— WORK TO BE COMPLETED —
Could you restate the data below word for word, without its pictures?

— GIVEN MATERIAL —
⟨

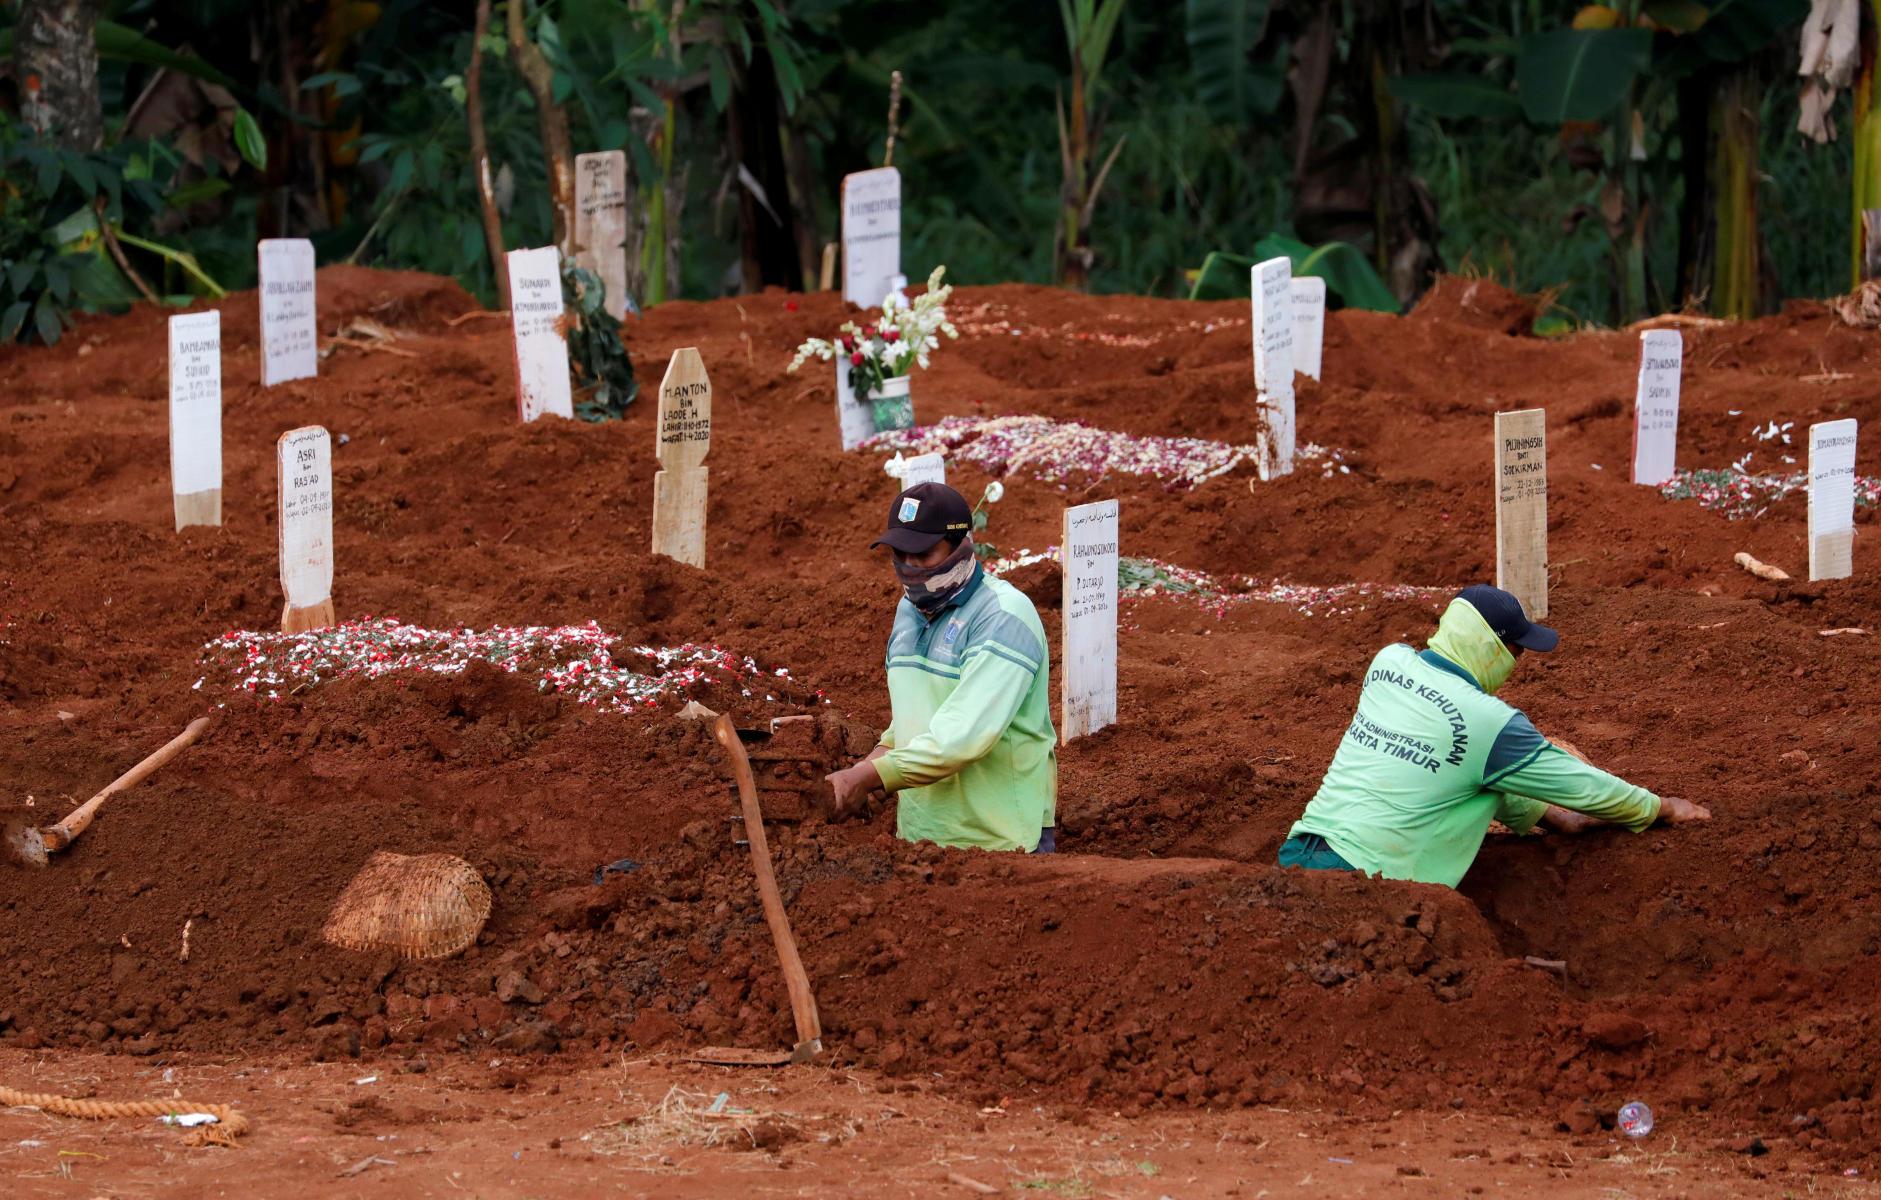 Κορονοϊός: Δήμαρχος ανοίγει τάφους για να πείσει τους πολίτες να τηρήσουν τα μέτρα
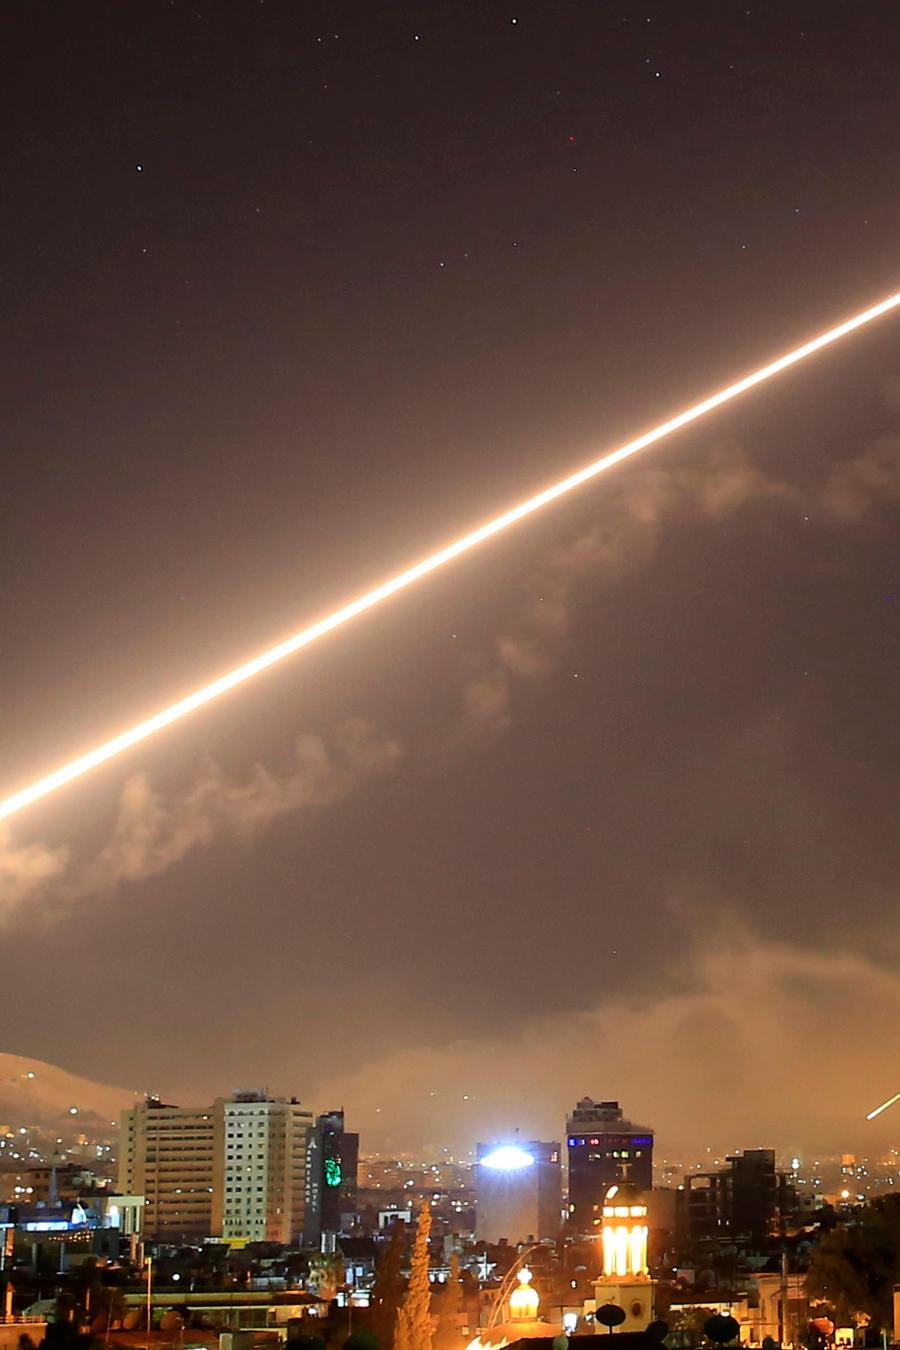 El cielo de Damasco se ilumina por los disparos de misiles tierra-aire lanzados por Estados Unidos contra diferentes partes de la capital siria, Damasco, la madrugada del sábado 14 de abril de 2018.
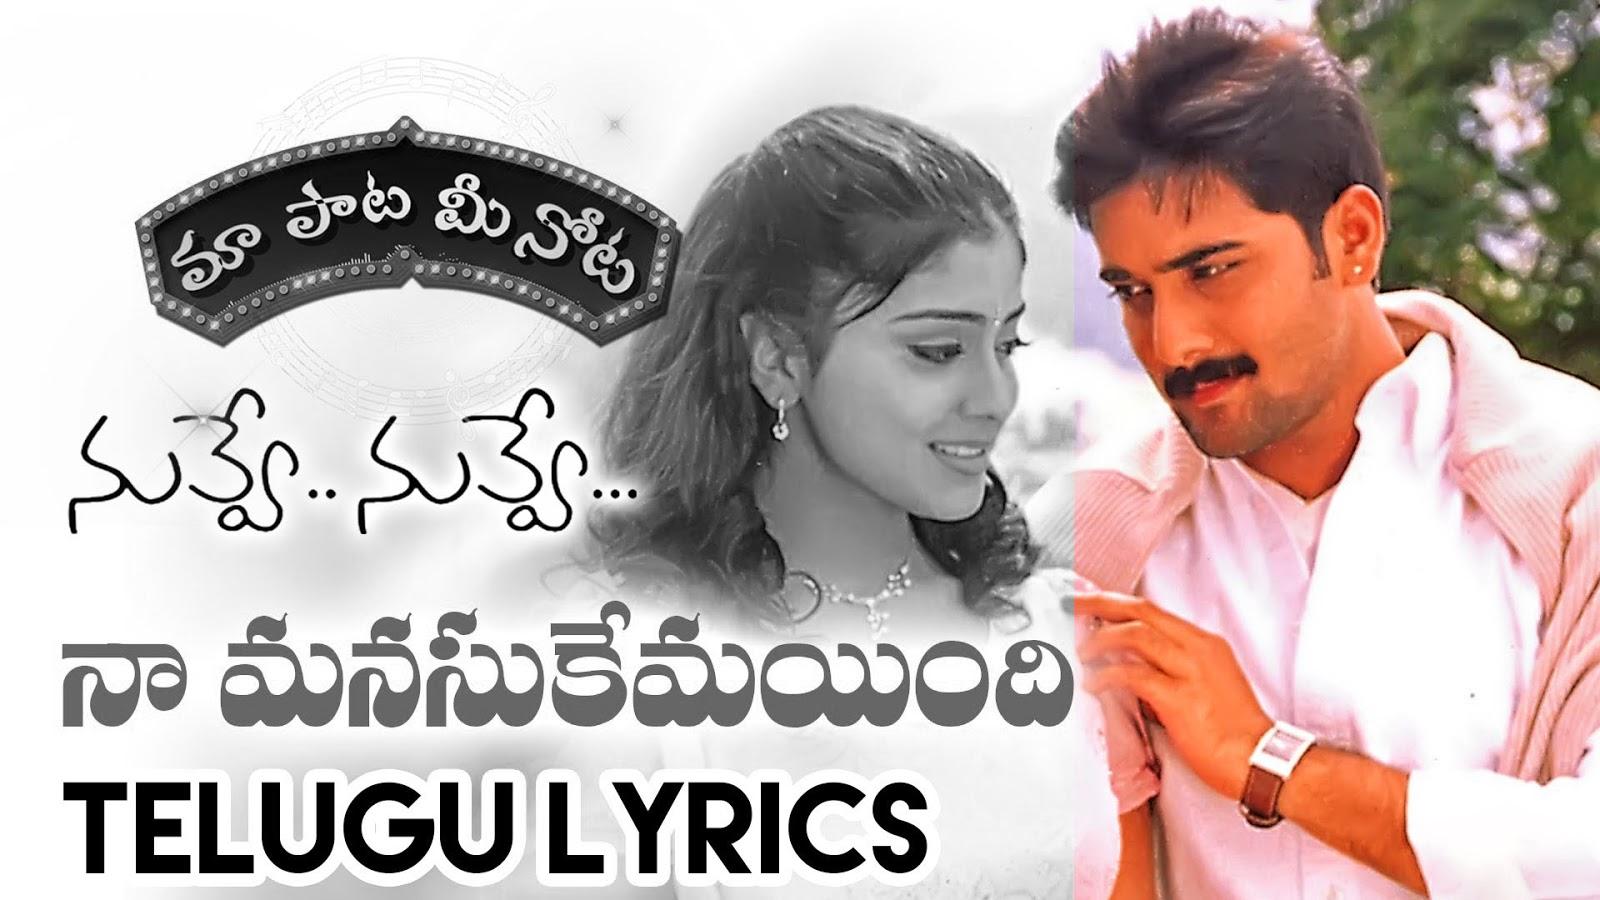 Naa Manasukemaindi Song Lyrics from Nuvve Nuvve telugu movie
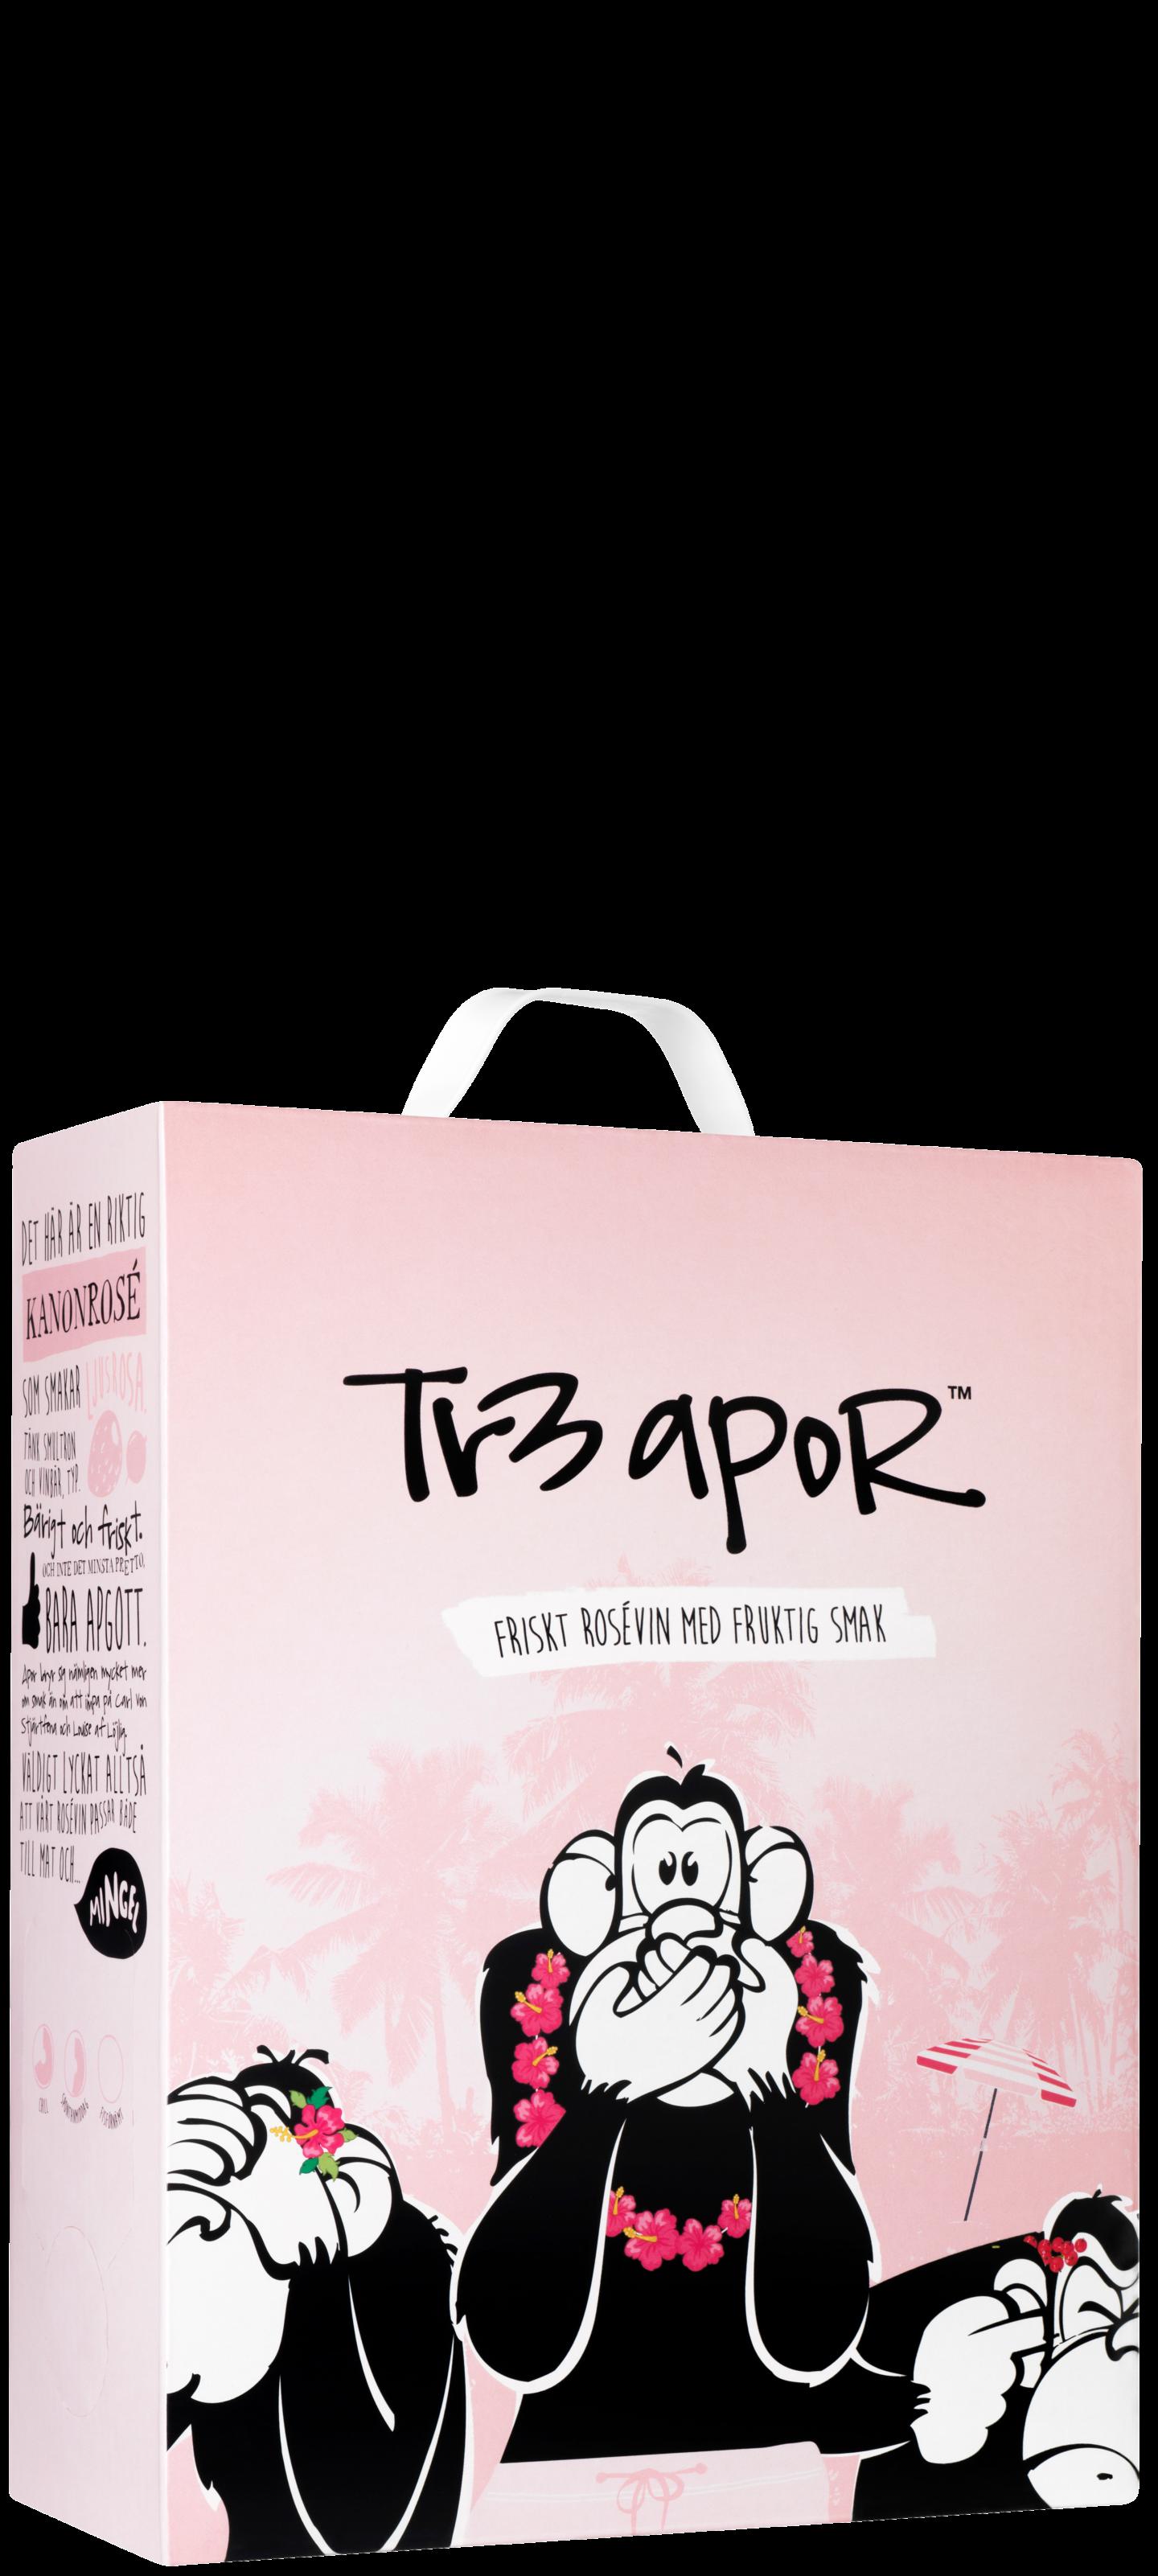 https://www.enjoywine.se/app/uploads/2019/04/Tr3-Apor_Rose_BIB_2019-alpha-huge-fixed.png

⟩

— WRITTEN SOLUTION —
 Κορονοϊός: Δήμαρχος ανοίγει τάφους για να πείσει τους πολίτες να τηρήσουν τα μέτρα
 El cielo de Damasco se ilumina por los disparos de misiles tierra-aire lanzados por Estados Unidos contra diferentes partes de la capital siria, Damasco, la madrugada del sábado 14 de abril de 2018.
 Naa Manasukemaindi Song Lyrics from Nuvve Nuvve telugu movie
 https://www.enjoywine.se/app/uploads/2019/04/Tr3-Apor_Rose_BIB_2019-alpha-huge-fixed.png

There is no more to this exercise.